Machinery Design, from Micromachines to Space Stations
The primary aim of the Course of Mechanical Engineering is to produce engineers and researchers with the innovation and adaptability needed to pursue research and development in a wide range of fields. Students will gain a broad sense of the role of engineering through a combination of theoretical study and practical research in fields such as thermal and flud engineering, materials and process engineering, mechanical and control engineering, and aeronautical engineering. Students will also acquire information process analysis (IPA) and experimental measurement skills, furthermore, the ability to communicate information to the world, accompanied by international perspective and rich human nature.
Applicants must demonstrate a commitment to self-motivated study; an appreciation of the learning objectives with respect to the fields of thermal and hydraulic engineering, materials and process engineering, mechanical and control engineering, and aeronautical engineering; a solid academic grounding to be able to contribute to technical developments, along with specialized expertise in the relevant areas; and an ability to engage effectively on the international stage.
Advanced Interdisciplinary Research Combining Medicine and Engineering
Biomedical engineering is a relatively new field that combines the academic disciplines of medicine and engineering.
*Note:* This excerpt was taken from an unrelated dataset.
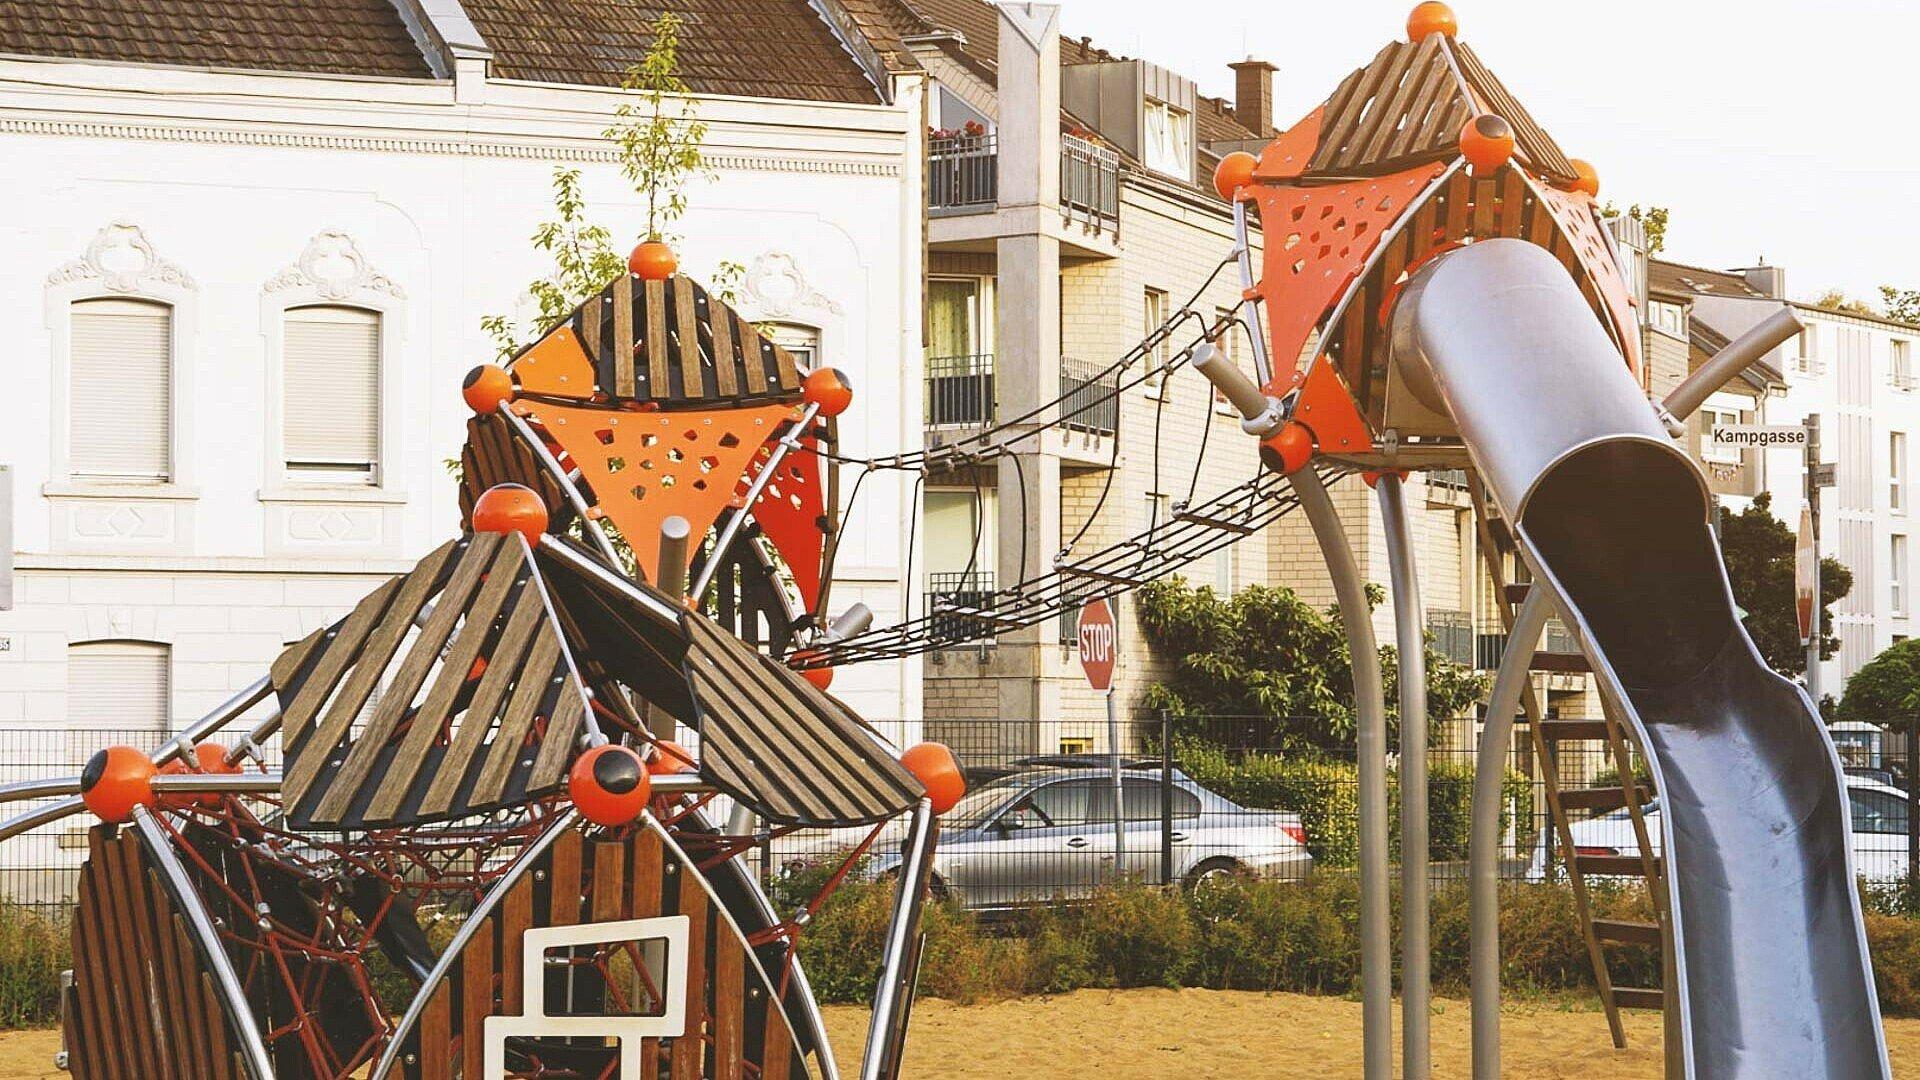 Sandburgen bauen, klettern und rutschen auf dem Spielplatz an der Kampgasse in Vingst
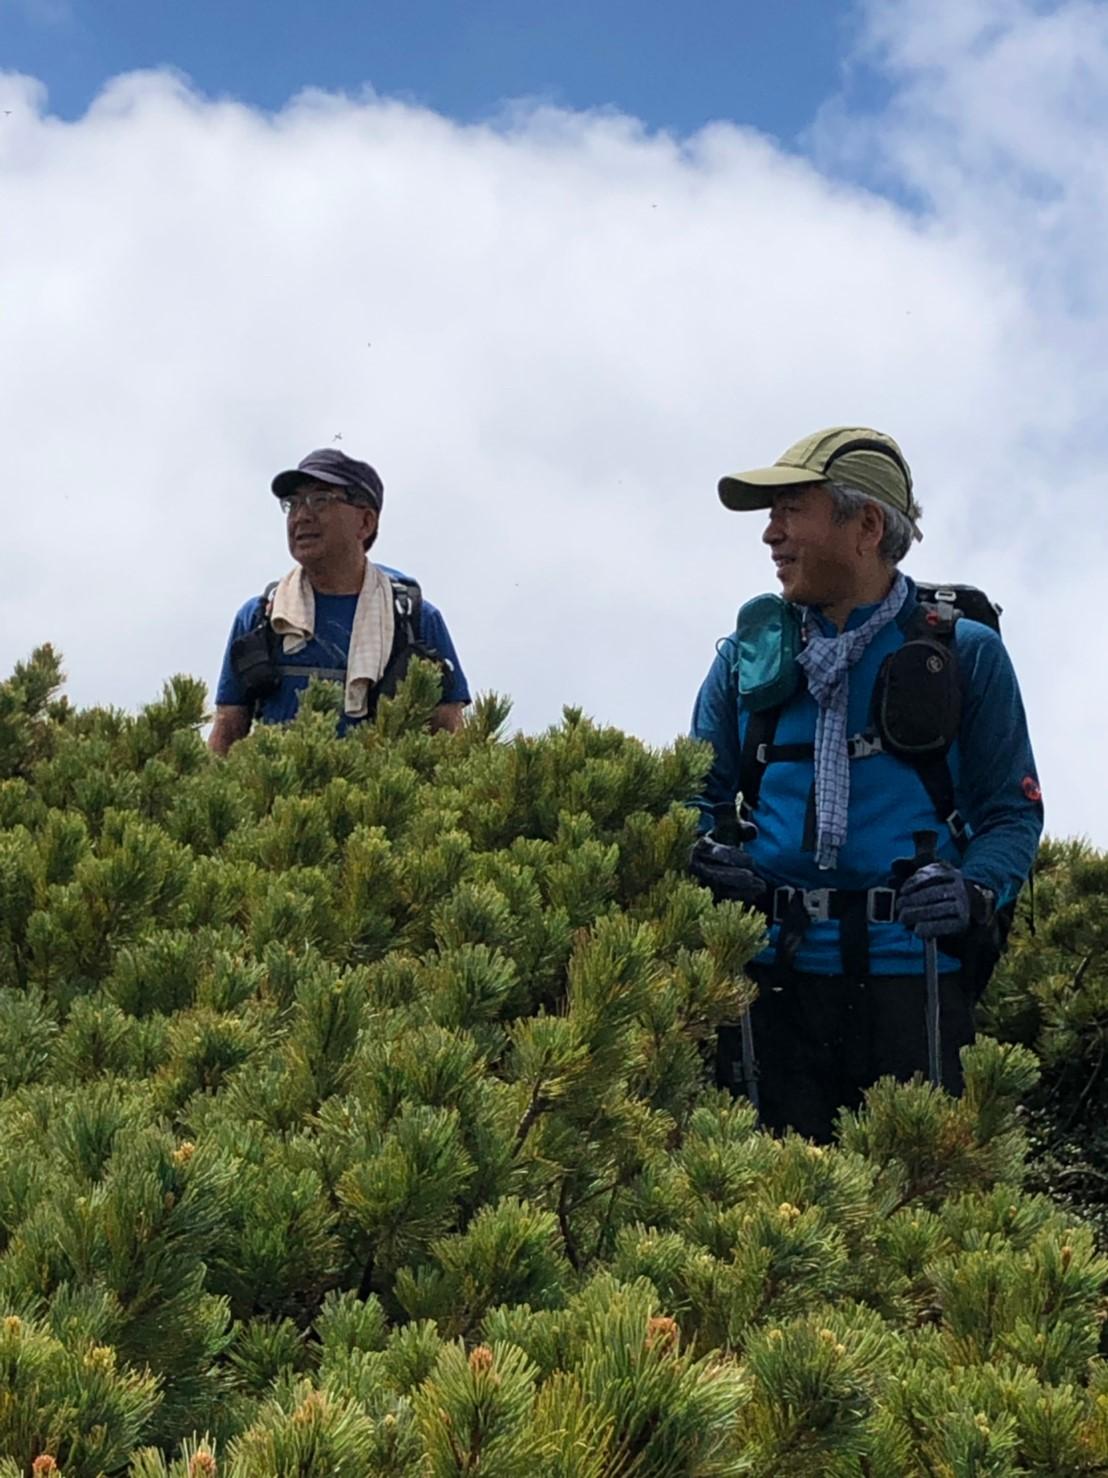 富良野岳、三峰山と上富良野岳、2019.6.24ー同行者からの写真ー_f0138096_23445715.jpg

Biomedical engineering is further subdivided into two areas: medical engineering, where engineering principles such as logic, technology, machinery and systems are applied to medical science to promote life science research and developments in medical technology, and bioengineering, which seeks to map the complex and intricate mechanisms and functions of living organisms onto industrial products and systems.
The modern health care sector is characterized by rapid advancements in technology, particularly with respect to engineering, but at the same time is faced with a myriad of challenges such as shrinking budgets, declining birthrates, the aging population, the pressures of globalization, and new questions around bioethics. Meanwhile, the sector is also moving towards a stronger focus on supporting individual responsibility for personal health, such as prevention strategies, hygiene, and welfare. Biomedical engineering is considered a potential solution to many of these challenges.
The Course of Biomedical Engineering provides a comprehensive overview of the field of biomedical engineering and advanced research into associated applications, educating professionals and researchers equipped with highly specialized skills. In addition to expertise and technique, students will acquire a broad-based perspective and comprehensive decision-making skills required to assume leadership roles in the health care sector.
Applicants must demonstrate a commitment to self-motivated study and an appreciation of the learning objectives, particularly with respect to usage of biomedical engineering in creating advanced medical equipment and devices for the health care sector as a means to be able to contribute in solving various challenges in the modern medical care, and displaying leadership in engaging directly and indirectly with medical institutions and the private sector.